I hope this ends our friendly diatribe :-), and that the exchange of ideas can form a more accurate judgement on what strategy to follow to the appointed maintainers.

kurtmckee commented 5 years ago

Re: coding styles

This discussion is not about coding style.

Re: using a debugger when unit tests fail

The point of unit tests is to validate that code functions the way it is supposed to. The testing methodology is just as important as the testing result itself. Your for loop method prevents the unit tests from being helpful because it not only prevents you from receiving useful output when a failure occurs, it further prevents all subsequent assertions in the for loop from executing. Suggesting that developers should use a debugger on their unit tests implicitly acknowledges that the testing methodology is flawed but yet still demonstrates a blindness to the issue.
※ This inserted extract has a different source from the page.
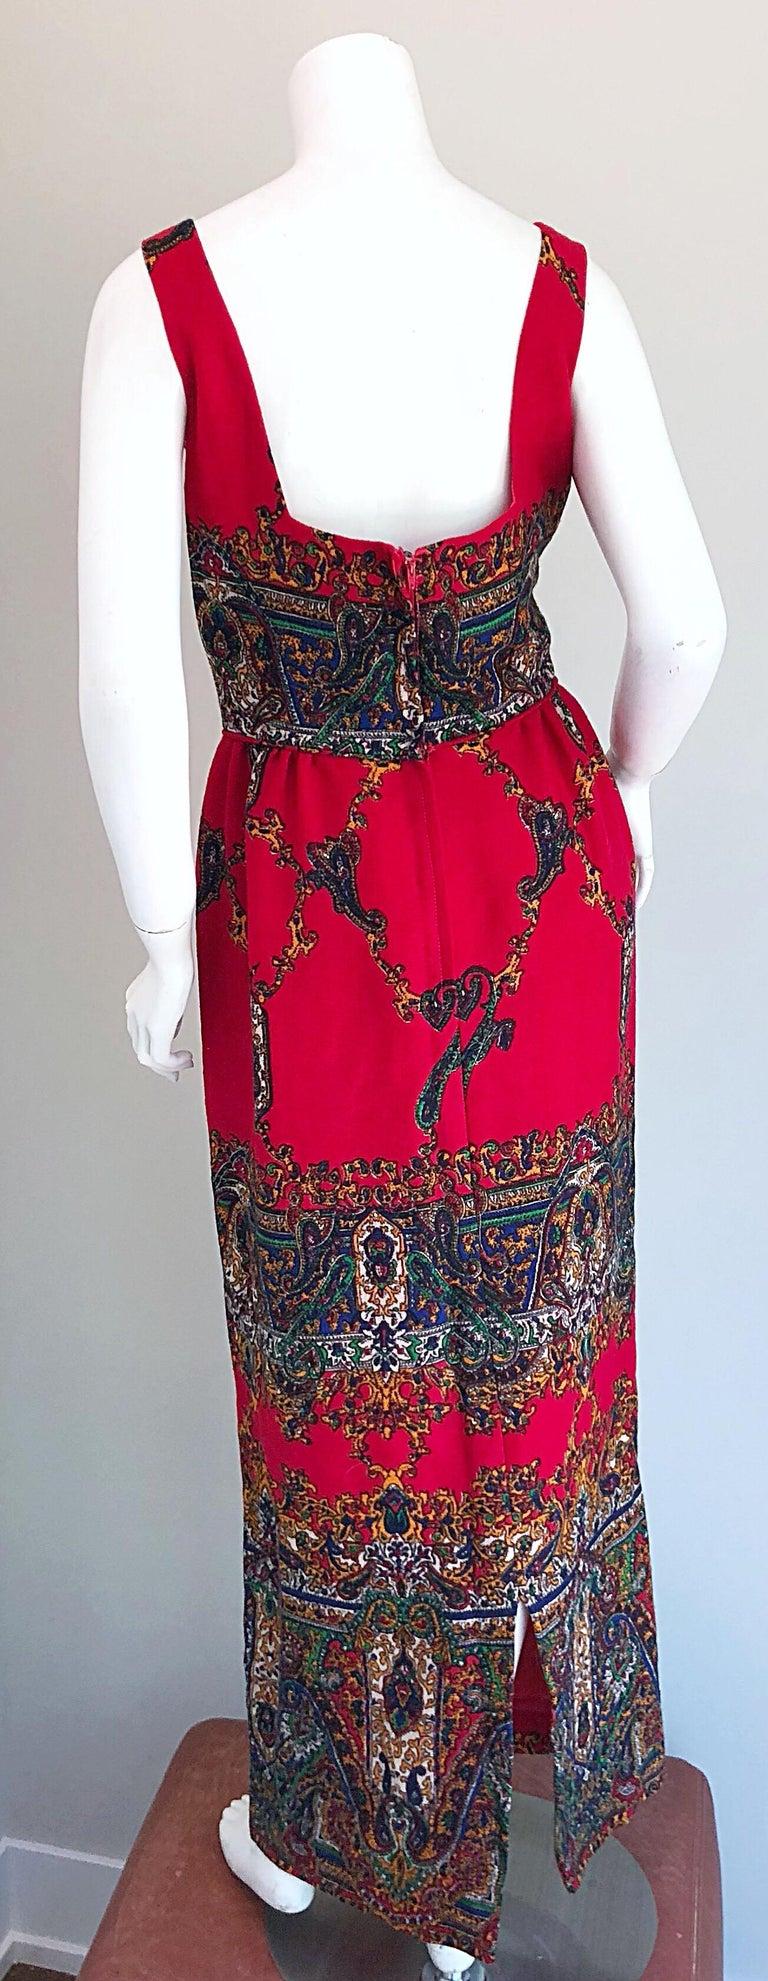 Vintage 1970\u2019s Red and Black Floral Print Boho House Dress

Re: Measuring productivity by lines of code

Point of order: you alone have mentioned LOC. Twice.

My point was and is: pytest gives better failure reporting, and pytest's parametrized tests capture the idea of using for loops in unit tests but give you the information you need when they fail.

Re: forcing a foreign testing framework

It's clear that you haven't tried using tox to run the tests; if you had you would discover that it automatically tests all versions of Python for you all at once, it automatically manages all of the testing dependencies for you in a virtual environment (including installing pytest and pytest-cov), it automatically generates a complete HTML coverage report for you, and it still runs all of the unittest-based tests that have already been written.

It is far, far more advanced and helpful than what you're currently using, and has zero impact on your current development methodology.

Please merge or close this PR. Thanks!

acsor commented 5 years ago

Please merge or close this PR. Thanks!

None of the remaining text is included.